SB 1240 — Summary (Substance Abuse and Mental Health Care)

Status & Sponsors
- Introduced Feb 12, 2025 (Sen. Calatayud; co‑sponsor added: Sen. Chris Balkema on May 30, 2025).
- Committee substitutes adopted (CS/CS/CS version reported favorably).
- Effective date (as enacted): July 1, 2025.

Purpose
SB 1240 makes multiple reforms to Florida’s mental health and substance‑use care system to (1) integrate the federal 988 Suicide & Crisis Lifeline into the state crisis response, (2) expand and streamline access to medication‑assisted treatment (MAT) for opioid use disorder, (3) strengthen training and standards for forensic mental‑health evaluations, and (4) revise duties and timeframes for facilities that receive patients under involuntary examination.

Key provisions
- 988 Lifeline integration and oversight
- Amends s. 394.4573, F.S., to add the 988 Suicide and Crisis Lifeline Call Center as a required component of the statewide crisis response system.
- Requires the Department of Children and Families (DCF) to authorize, regulate, and oversee Florida’s 988 program (state responsibility as federal grant funding is scheduled to end in 2026).

  • Medication‑Assisted Treatment (MAT)

    • Removes the statutory “needs assessment” requirement for licensure of MAT programs treating opioid addiction — effectively streamlining licensure for MAT providers.
  • Forensic evaluations and training

    • Establishes enhanced training standards and continuing education for mental‑health professionals conducting court‑appointed forensic evaluations (emphasis on competency restoration, evidence‑based practices, and consideration of placement alternatives).
    • Requires court‑appointed mental health experts to complete DCF‑approved forensic training and ongoing education.
  • Receiving facility duties and involuntary examination procedures

    • Clarifies and modifies timeframes and notice requirements when a patient undergoing involuntary examination stabilizes:
    • Extends the period within which a receiving facility must act from 12 to 24 hours after the attending physician documents stabilization or no emergency medical condition, clarifying the facility must either (a) examine and release the patient, or (b) accept for transfer (not necessarily complete the transfer).
    • Changes the notification window to the designated receiving facility from 2 hours to within 12 hours of patient stabilization.
    • Clarifies that if a physician determines a stabilized patient still poses a threat, the receiving facility is not required to release the patient (and a court may not order release solely because of a delayed transfer or late notification).
    • Requires mental‑health professionals to assess availability of community‑based treatment options before recommending involuntary hospitalization.

Who is affected
- DCF: new authority and regulatory responsibilities over 988 operations and training standards.
- 988 call centers and crisis providers: subject to state authorization, regulation, and oversight.
- MAT program applicants and providers: streamlined licensure process.
- Mental‑health professionals and court‑appointed forensic evaluators: new training/continuing education requirements and evaluative standards.
- Receiving facilities, hospitals, designated receiving facilities, patients under involuntary examination, law enforcement, and courts: altered duties, timeframes, and transfer/notification procedures.
- Patients and communities: greater emphasis on crisis response integration and community‑based alternatives before involuntary hospitalization.

Fiscal impact
- Analyses differ: some committee reports state no fiscal impact on state government or the private sector; later analyses list the fiscal impact as indeterminate.
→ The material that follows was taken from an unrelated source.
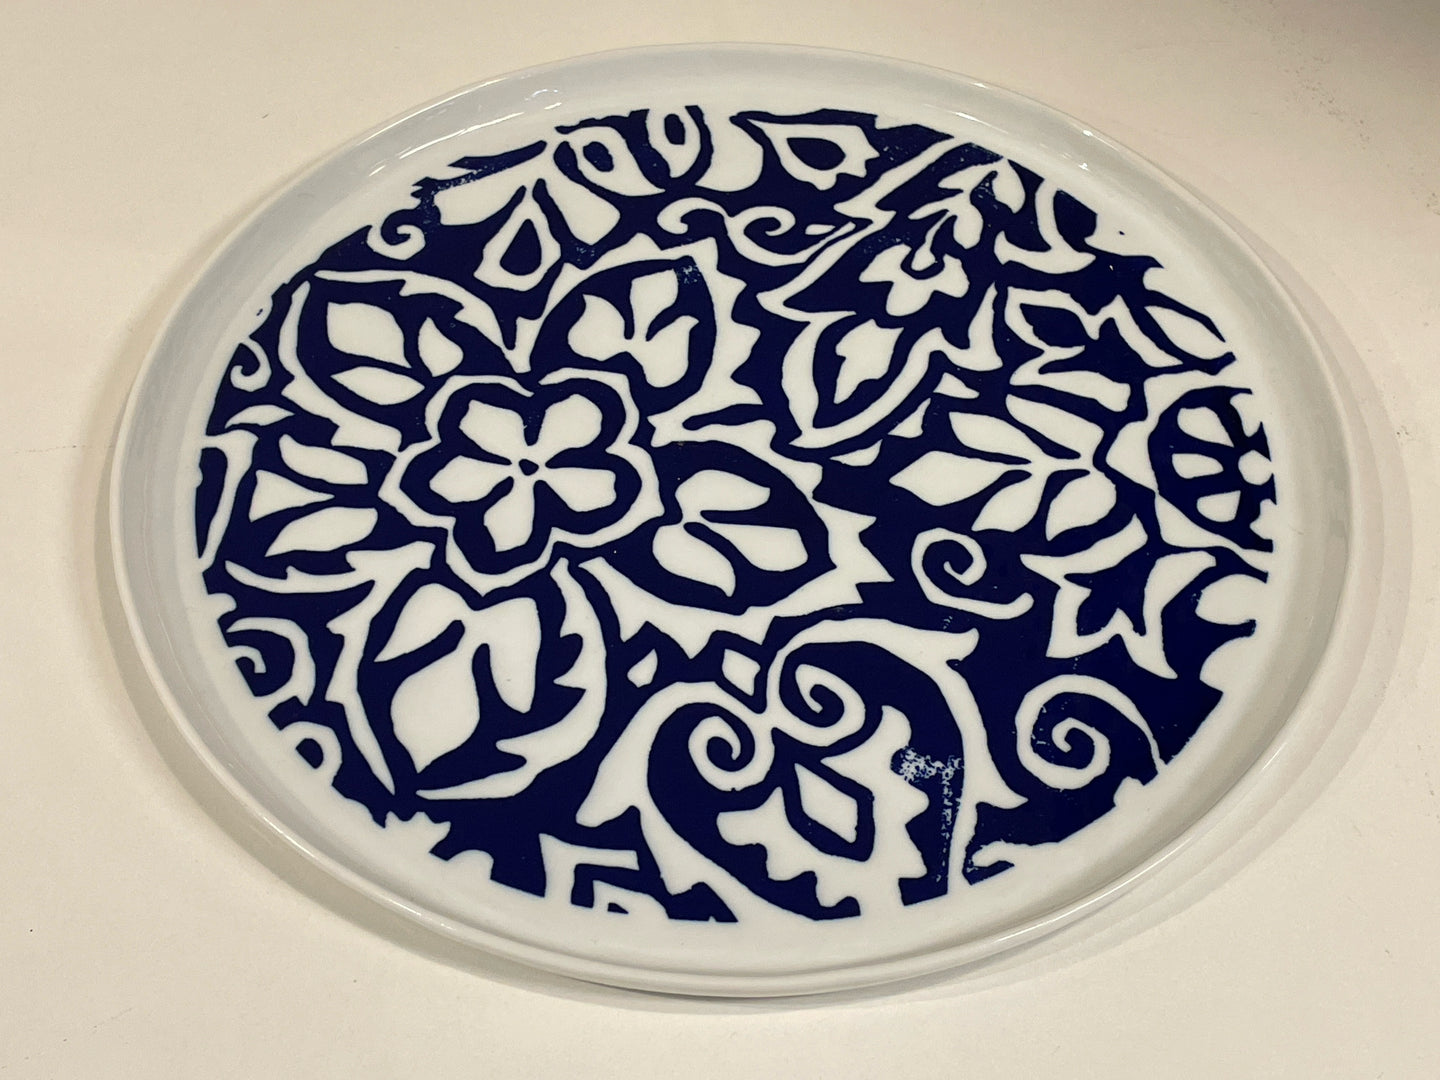 Blue & White Ceramic Plate from Crate & Barrel

The bill assigns new regulatory and training responsibilities to DCF, and the state may incur implementation costs depending on how oversight and training are administered.

Procedural/timeline notes
- Multiple committee substitutes were adopted (CS/SB → CS/CS/SB → CS/CS/CS/SB 1240).
- The bill proceeded through Children, Families & Elder Affairs; Appropriations on Health & Human Services; and Rules committees.
- Effective date provided as July 1, 2025.

Related/companion
- Companion bill: HB 601.

Compiled from official sources — confirm details with the bill’s official record.